In the development of its institutions America can fairly claim that it has remained true to the principles which were declared 150 years ago. In all the essentials we have achieved an equality which was never possessed by any other people. Even in the less important matter of material possessions we have secured a wider and wider distribution of wealth. The rights of the individual are held sacred and protected by constitutional guaranties, which even the Government itself is bound not to violate. If there is any one thing among us that is established beyond question, it is self government; the right of the people to rule. If there is any failure in respect to any of these principles, it is because there is a failure on the part of individuals to observe them.

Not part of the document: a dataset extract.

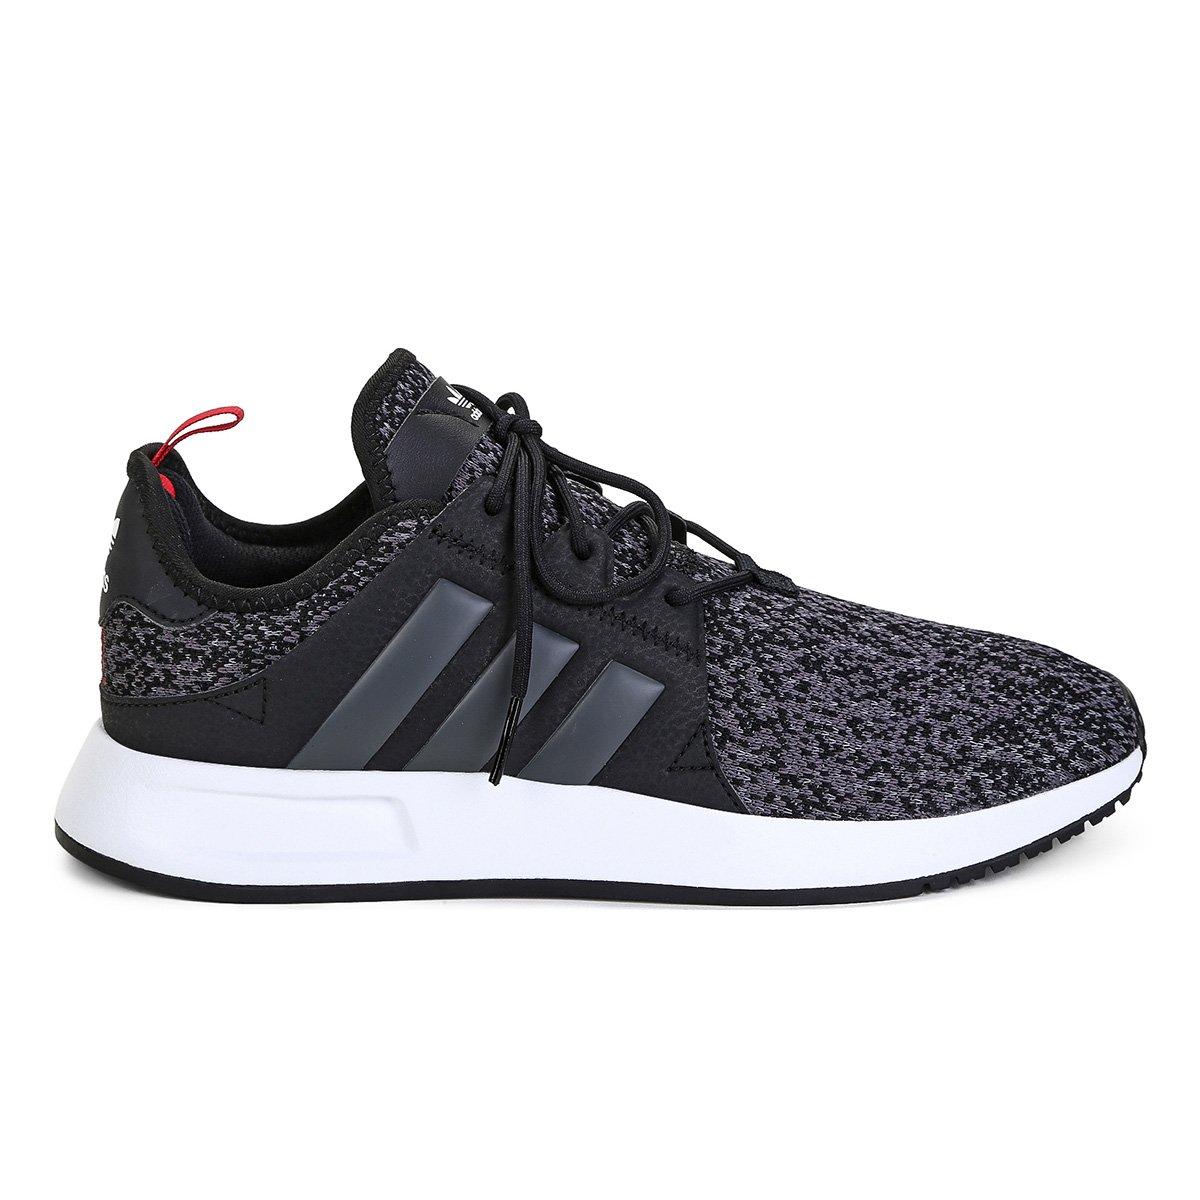 d43fea1f3 Tênis Adidas X PLR - Compre Agora

We hold that the duly authorized expression of the will of the people has a divine sanction. But even in that we come back to the theory of John Wise that "Democracy is Christ's government". The ultimate sanction of law rests on the righteous authority of the Almighty.

On an occasion like this a great temptation exists to present evidence of the practical success of our form of democratic republic at home and the ever broadening acceptance it is securing abroad. Although these things are well known, their frequent consideration is an encouragement and an inspiration. But it is not results and effects so much as sources and causes that I believe it is even more necessary constantly to contemplate. Ours is a government of the people. It represents their will. Its officers may sometimes go astray, but that is not a reason for criticizing the principles of our institutions. The real heart of the American Government depends upon the heart of the people. It is from that source that we must look for all genuine reform. It is to that cause that we must ascribe all our results.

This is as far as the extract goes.